More conservative numbers would produce much fewer visits. Similarly if advanced life is not so abundant or faster than light 'interstellar' travel impossible the chances are that if an alien species has ever sent a probe/craft here then it would be a very rare event.
Those "50,000 starships launched annually" could've began 100s of thousands of years ago, maybe even millions of years ago. That's plenty of time for Earth to have been discovered or even seeded and designated as a planetary body which could support intelligent life.
originally posted by: mirageman
Say there are 1 million spacefaring civilizations in our galaxy existing at any one time amongst the 500 billion star systems. Now even if only a tenth of those star systems were deemed as 'interesting to visit', then each civilization would need launch 50,000 starships annually with just one of those starships reaching our own Solar System per year.
originally posted by: Reddaysun
a reply to: anonentity
The subject seems to be this: statements from people whose credentials are understood as being sterling, all in support of ET presence. It is an aspect of the subject of ET. In the world we live in, it is a very reasonable choice to highlight these peoples' statements to strenghten one's position. And my position is: these people aren't the first ones I'd go to for truth.

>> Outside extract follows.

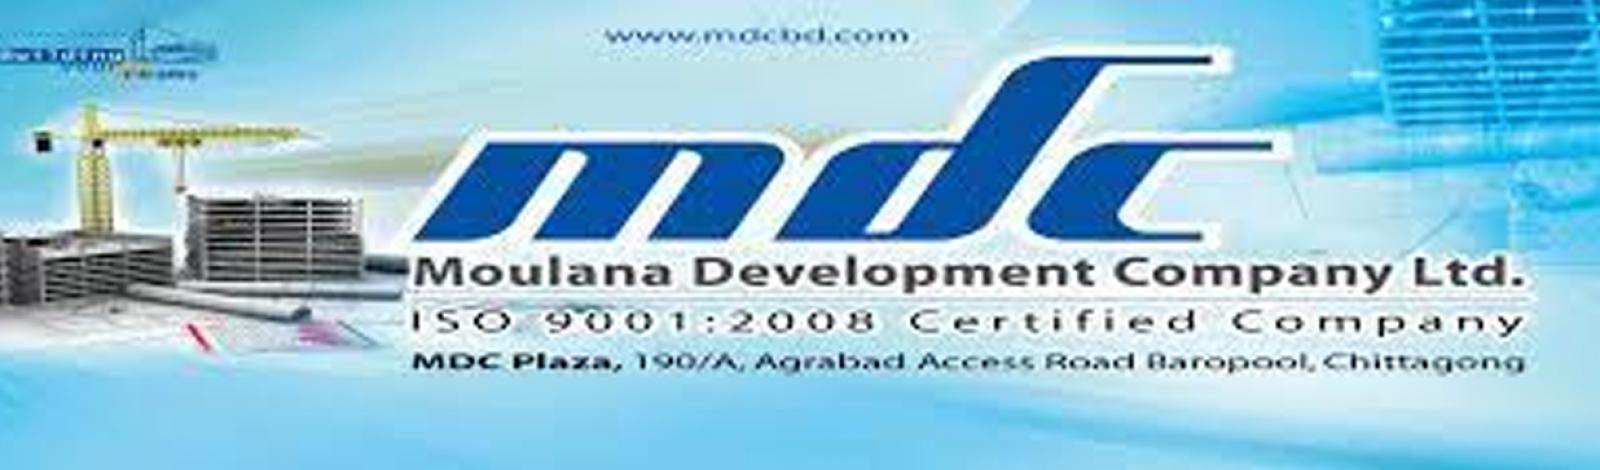 Moulana Development Company Limited banner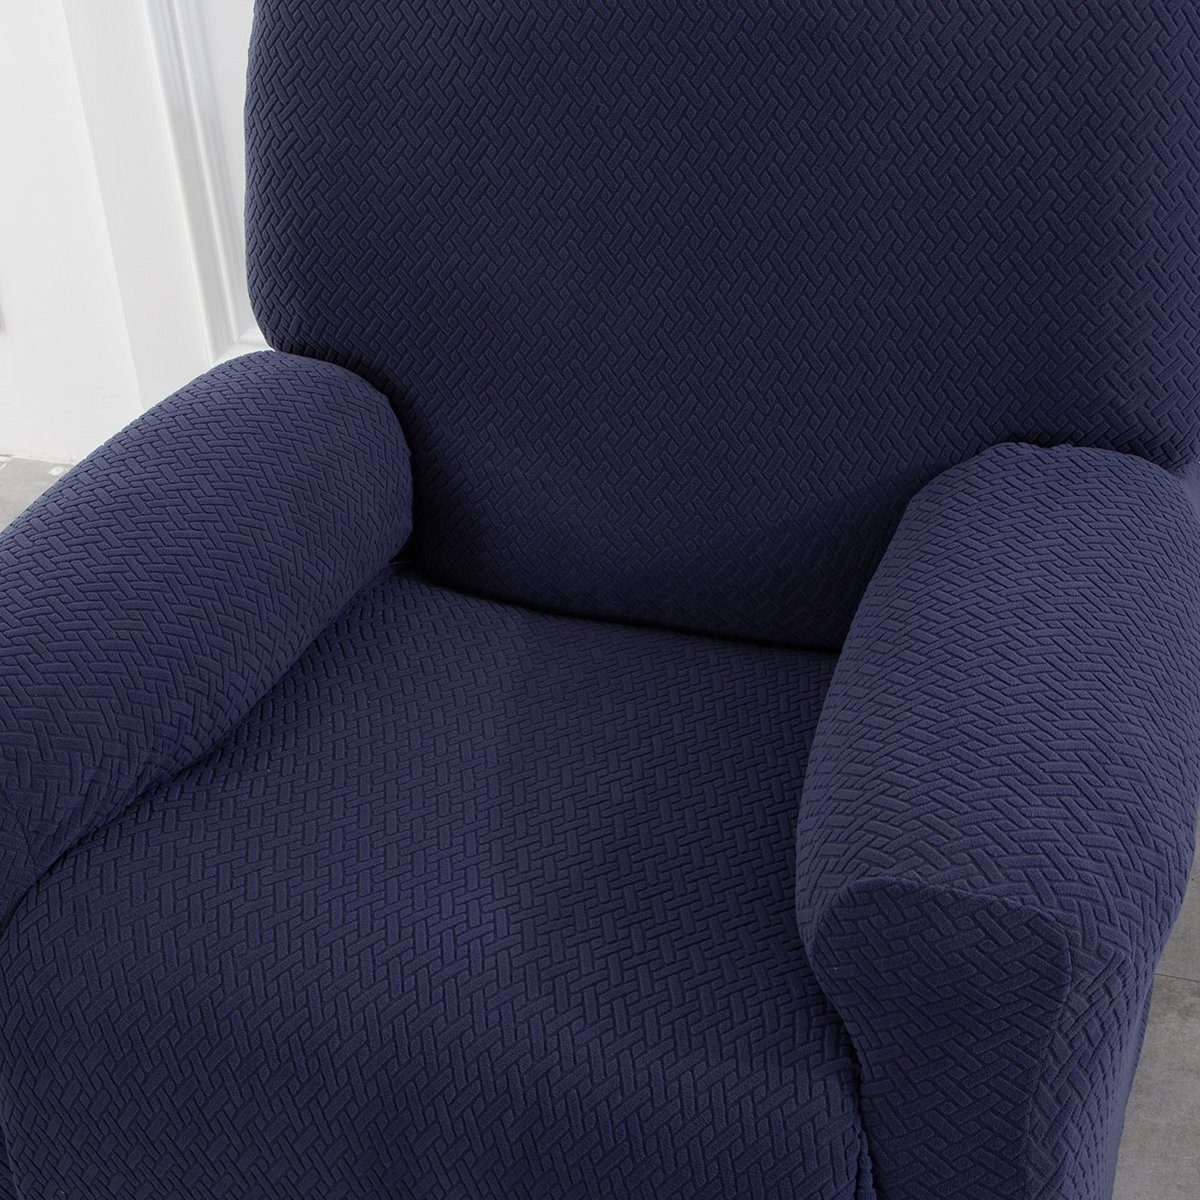 Rosnek, für Sesselhusse Sessel, Strukturoptik mit Komplett Stretchhusse, Blau Relaxsessel Sesselbezug Liege

I prefer my neighbor's account of some ET event.
Not a 'debunk tactic,' but a hard and fast rule of scientific proof. Your cavalier attitude to reliability of evidence is hardly uncommon, buy strikes me as the fundamental flaw in the pro-UFO argument. If the quality of evidence doesn't matter, or is trumped by quantity, how can you avoid believing in ghosts, human levitation, human-animal metamorphosis, or chemical conversion of lead to gold -- all of them substantiated by numerous stories, "only one of which has to be true to verify the phenomenon".
It's an explain-away gimmick for lousy research and scholarship. And it has crippled the credibility of UFO claims, IMHO.